Fed declares a 75 basis point rate increase

As expected! The Federal Reserve once more announced a 75 basis point hike in the federal benchmark interest rate on July 28 (Malaysian time). The Fed will increase interest rates a total of four times in 2022 and has already done so twice this year, each time by 75 basis points.

In keeping with Bank Negara Malaysia’s overnight policy rate (OPR) of 2.25 percent, the Fed’s current federal base rate is in the target range of 2.25 percent to 2.50 percent. The Fed rate and Bank Negara rate stay unchanged, which will cause the ringgit to lose value as it becomes more globally competitive and more appealing to the US dollar.

The ringgit has reportedly risen to a level of 4.4530 against the US dollar and 3.2197 against the Singapore dollar, according to data from Bank Negara.

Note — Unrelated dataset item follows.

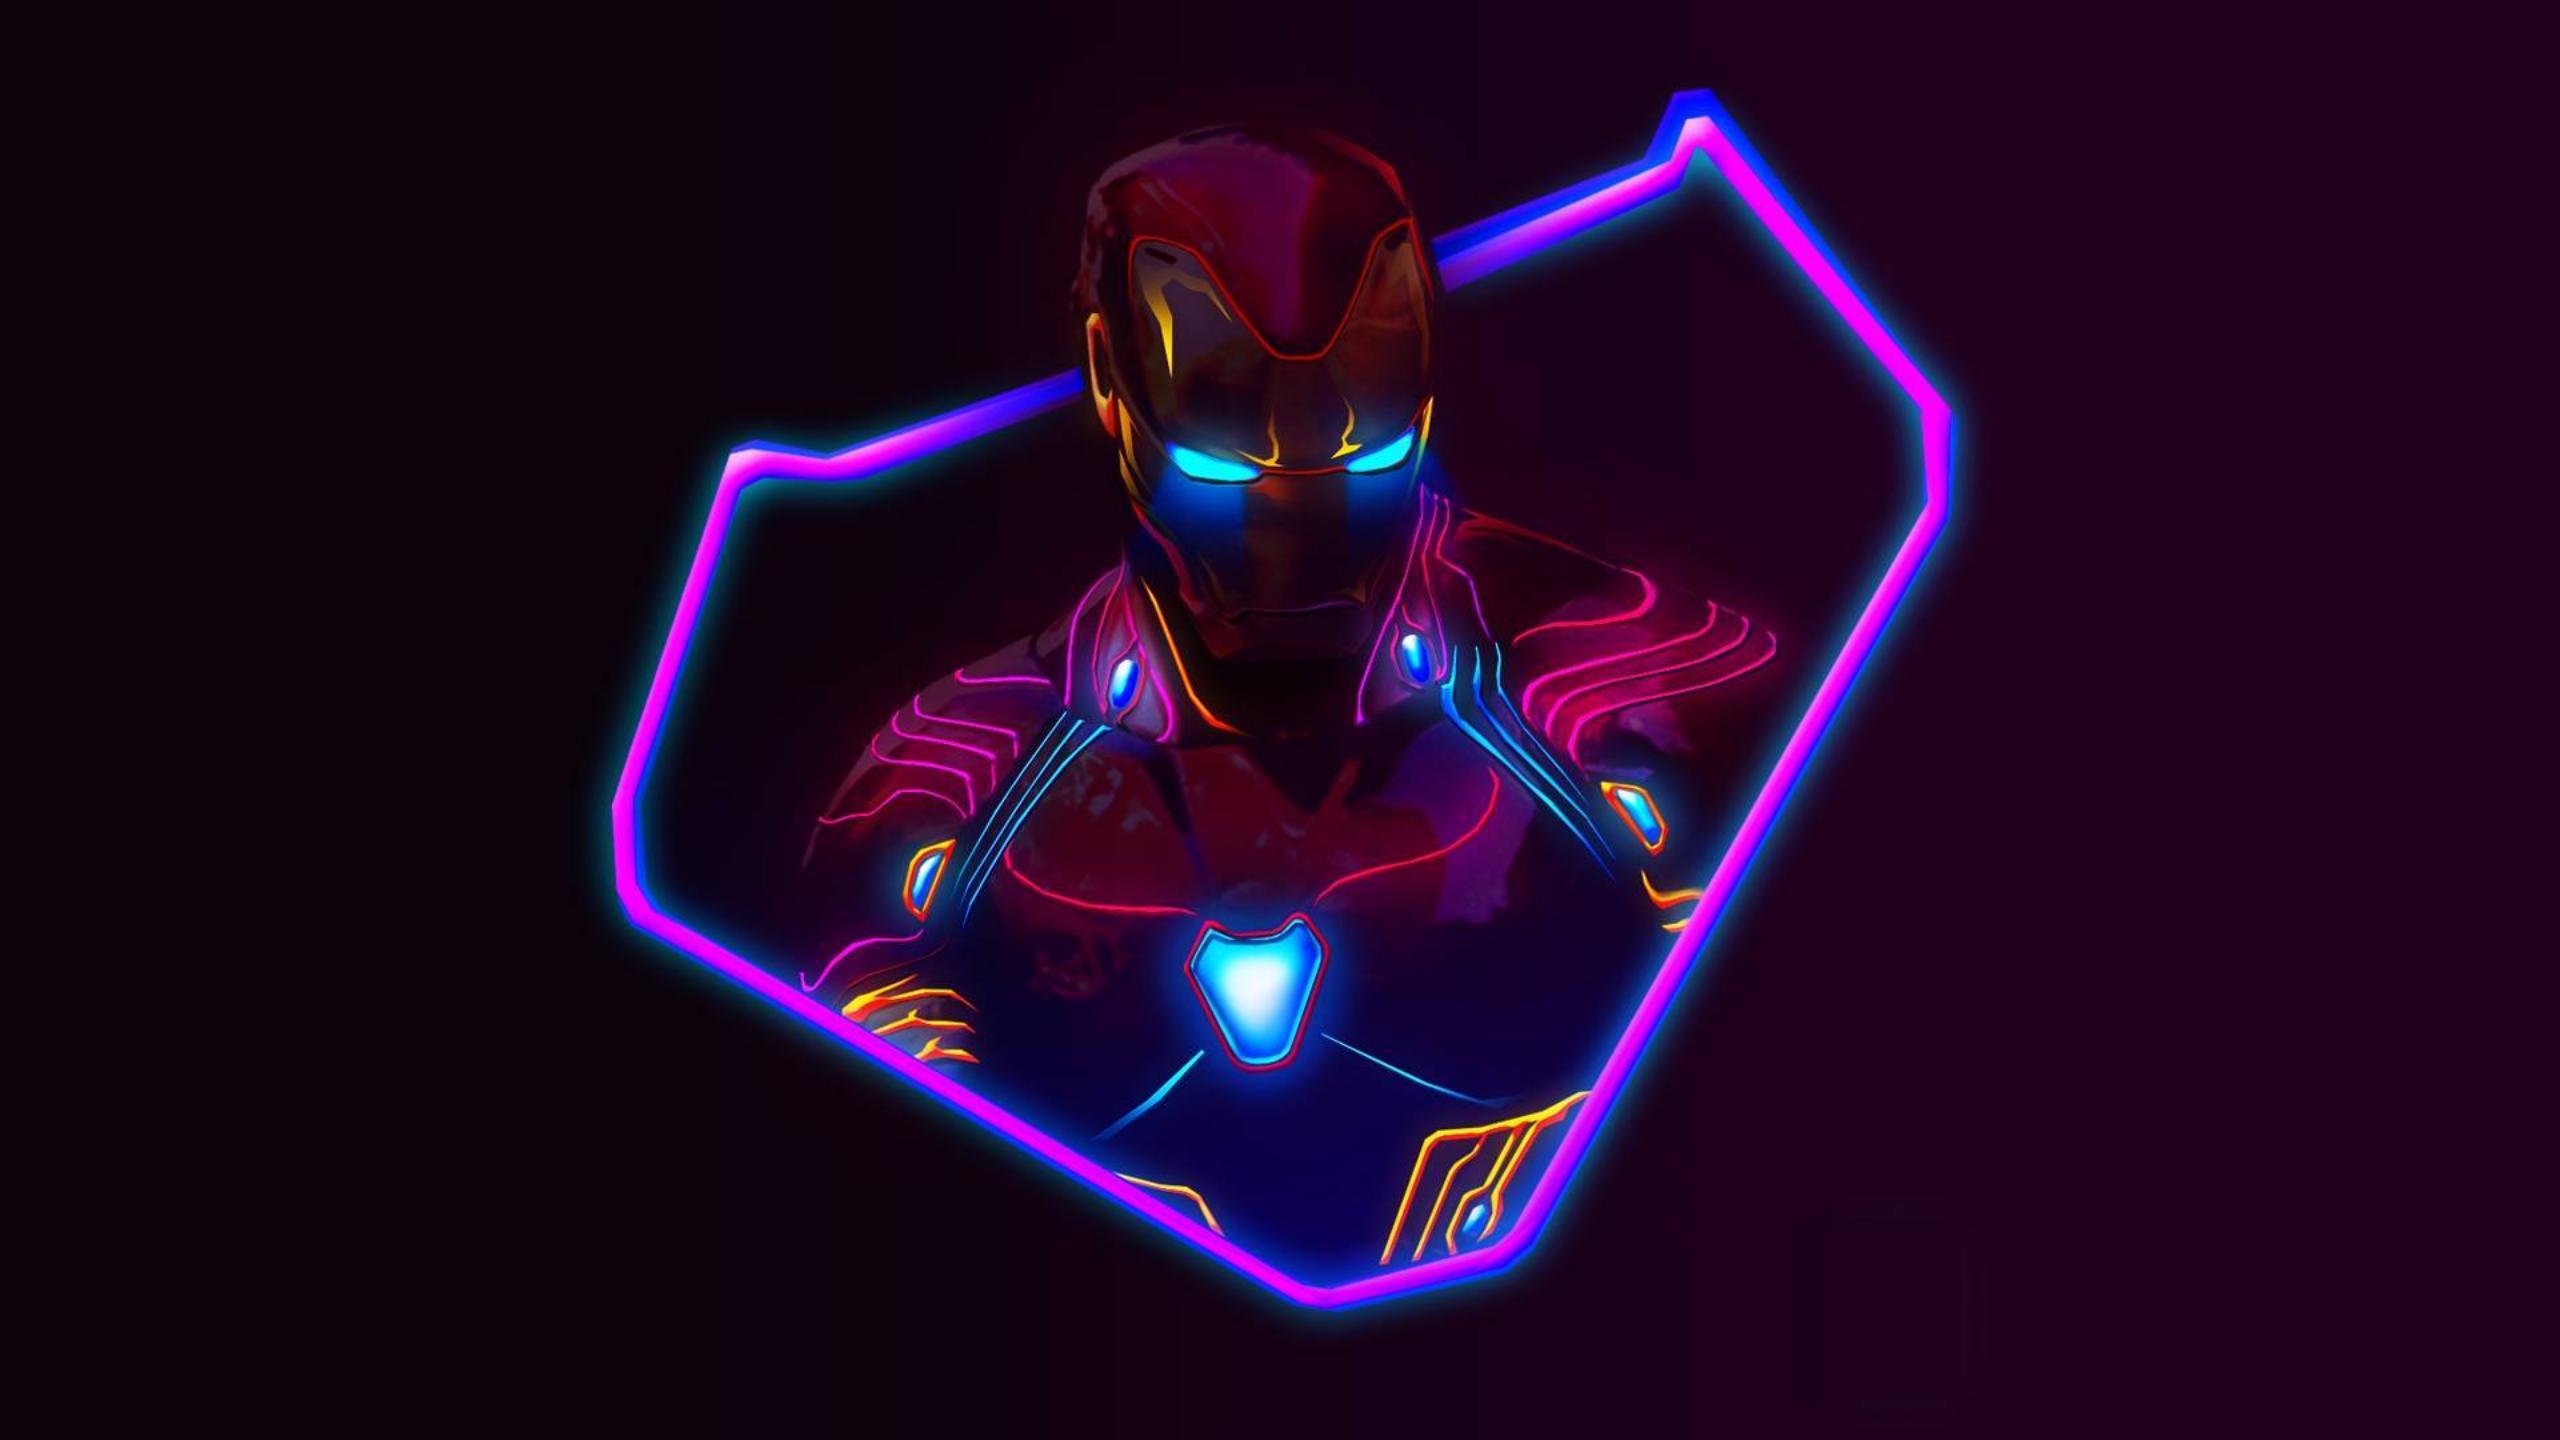 Marvels 2018 Neon Marvels Pinterest Avengers Wallpaper

How will Malaysia be impacted by the Fed’s ongoing interest rate hikes? Here is a look at how rising U.S. interest rates are affecting developing markets.

1. Ringgit value decline

Rising interest rates are an indication of currency strength because foreign investors will be drawn to US dollar assets. As a result, depositors will convert their money from other nations with lower interest rates into US dollars and transfer it to US local banks. the rate of exchange upward. The ringgit has declined significantly in value relative to the US dollar as a result of the Federal Reserve’s three interest rate increases; currently, one US dollar is worth approximately 4 ringgit 46 sen.

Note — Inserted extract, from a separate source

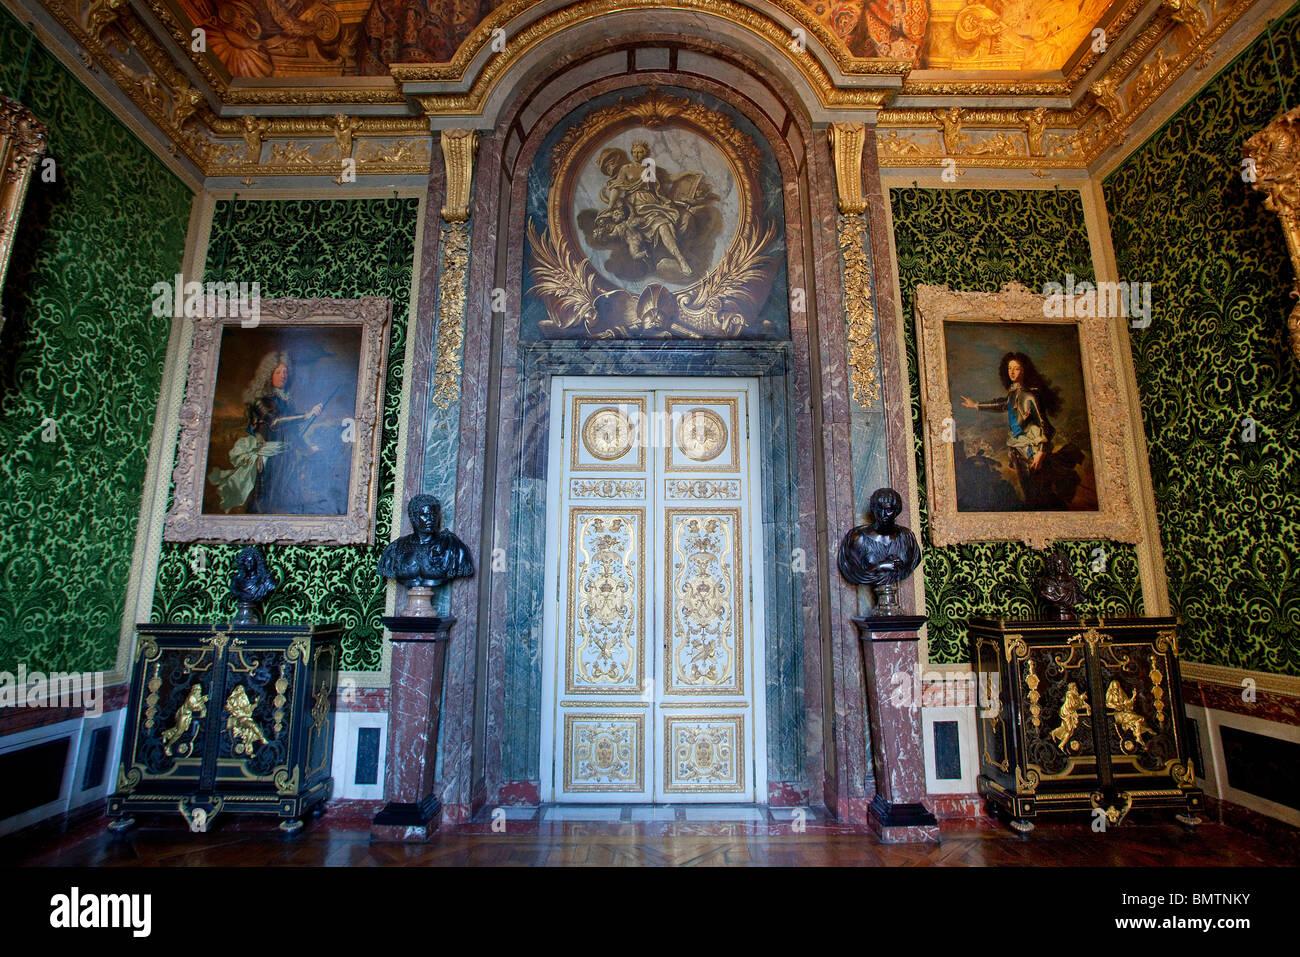 Chateau de Versailles, Les Grands Appartements (State Apartments), Salon de l'Abondance - Stock Image

2. The exodus of foreign funds from developing markets

Increased interest rates in the US led to a significant outflow of money from emerging markets to the US. This suggests that if interest rates rise in the US, the Malaysian stock market will experience an oversold condition. The stock market in my own nation has similarly been ranging between 1410 and 1470 since the Fed increased interest rates.

3. Put more pressure on the nation to repay its debt.

Generally speaking, increases in US interest rates will result in a boom in the US currency, which will put countries who fail on US dollar loans under a lot of pressure to repay their debt.

4. Costs associated with imports rise.

The ringgit and other Asian currencies may start another devaluation war due to the strengthening US dollar. Businesses who buy raw materials and production equipment in US dollars will have more difficulties running their businesses. Additionally, the increase in the cost of foreign gasoline could result in price increases for domestic fuel, electricity, natural gas, and even name-brand luggage and designer clothing.

5. Gold is losing value as commodities decline in price.

US dollar-denominated commodities, such as raw materials, minerals, metals, and energy, will be impacted by the US dollar’s sharp climb.